Hi,
I am in Year 13.
I had sent off my UCAS application back in start of October in which I had received no offers.
I am thinking to take a gap year to strengthen my application and re-apply.
I have spoken to my parents for the last 4 months about the prospect of me taking a gap year if I get rejected by all my choices in which for every instance of me talking about this, my parents ignored me and dismissed it, by always moving to another topic as soon as I mention it.
Yesterday, I received my last rejection in which I told my parents, telling them I will take a gap year to re-apply than do UCAS extra since I feel that it would be better for me to do that in which over the year I will have more time to think more about my application, strengthen my application and reapply to universities I would like to go to.
My parents response to that was not that great and I am very worried on what to do.
Essentially, they started criticising me for not getting in: stating that they have wasted their time and money on me for education, that I had not worked hard enough, etc.
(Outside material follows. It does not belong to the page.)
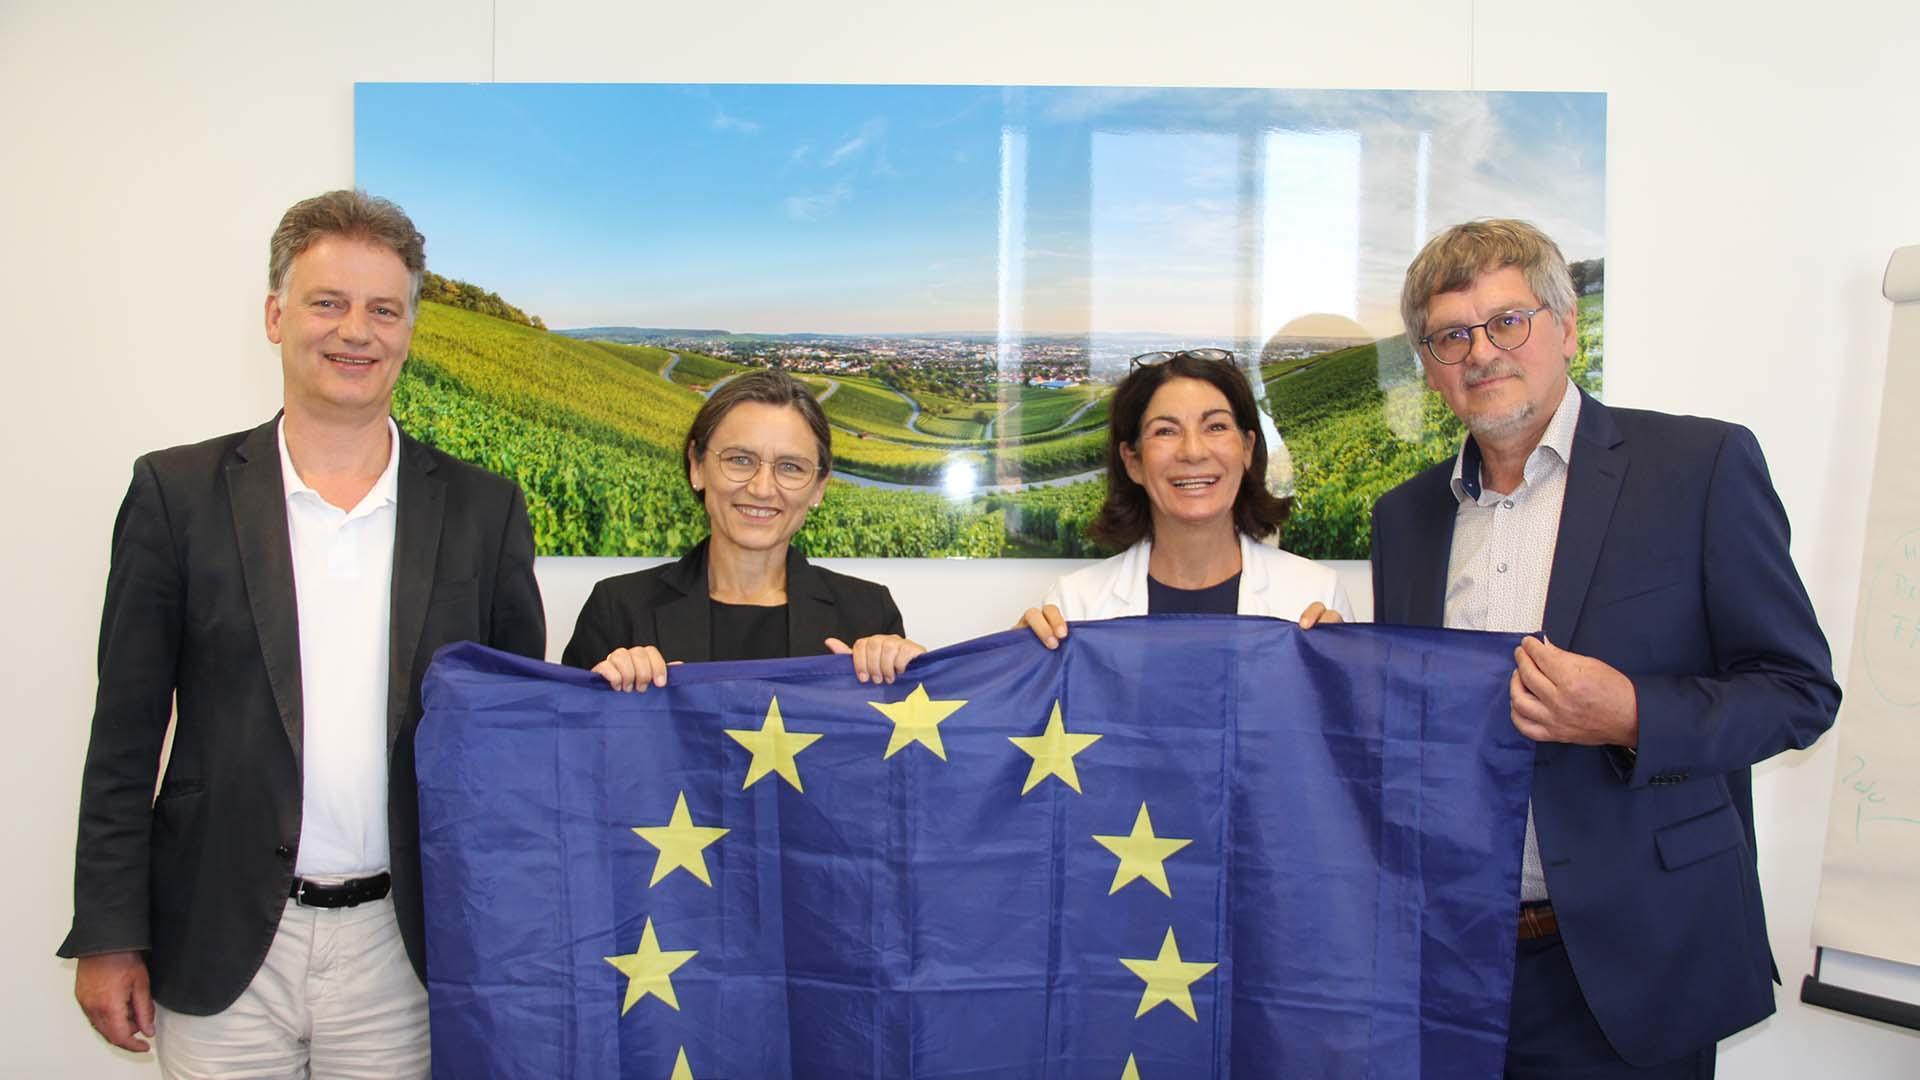 Auf dem Bild stehen vier Personen nebeneinander und halten dabei eine Europaflagge. Von links nach rechts: Prof. Dr. Thomás Bayón, Prof. Dr. Martina Klärle, Prof. Dr. Nicole Graf und Raimund Hudak.

Then, they, from asking a relative who does not know me at all that well who suggested to my parents to choose a university and male me choose it, pressured me to do UCAS Extra, and making me add the university that they chose - disregarding anything I say in response such as how a gap year is not necessarily a bad thing, how other people take gap year to re-apply, etc.
In which instead of listening to me, they would start criticising me again until I just agreed to what they had said.
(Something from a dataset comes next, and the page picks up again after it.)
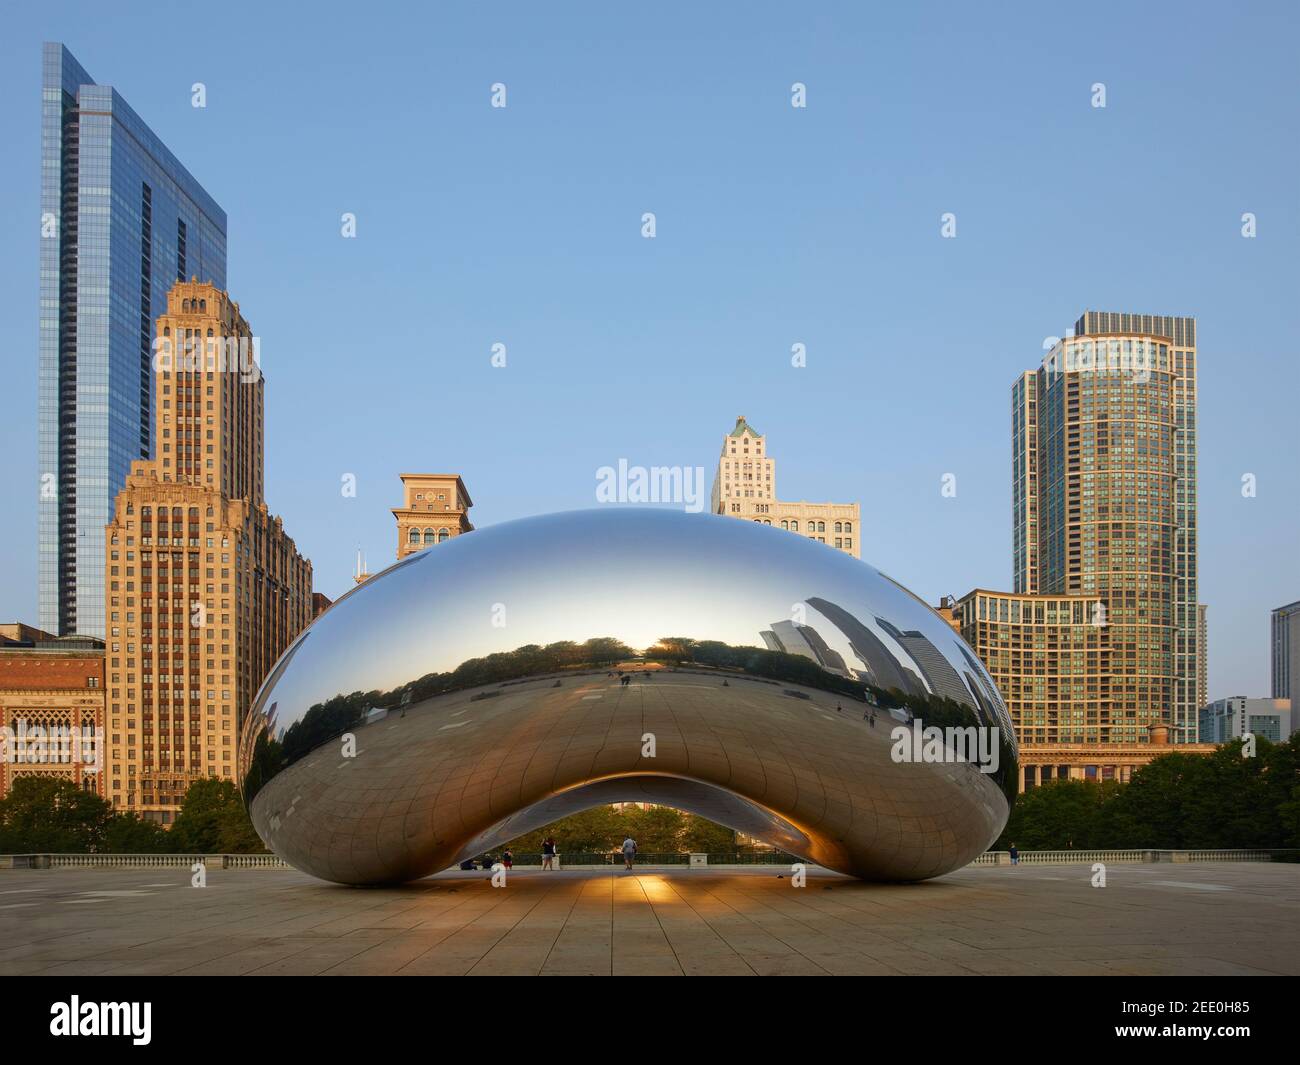 La sculpture Cloud Gate, également connue sous le nom de The Bean, à Millenium Park, Chicago, Illinois, États-Unis Banque D'Images

They had additionally mentioned the consequences they would face, I would face if I do a gap year which include, how it would tarnish their reputation and respectability to relatives in the family; how they would have to take away my privileges such as having privacy at home etc.
And for the past day I could not revise or do anything other than spacing out and feeling overwhelmingly anxious and worried.
I am most likely not going to go through UCAS Extra as I do not want to go to a university they had chosen, I know if I am being pressured into choosing it - I feel that I will just feel regret. But I am worried of the consequences of not following what they had said.
I am not sure what I could do. Any advice?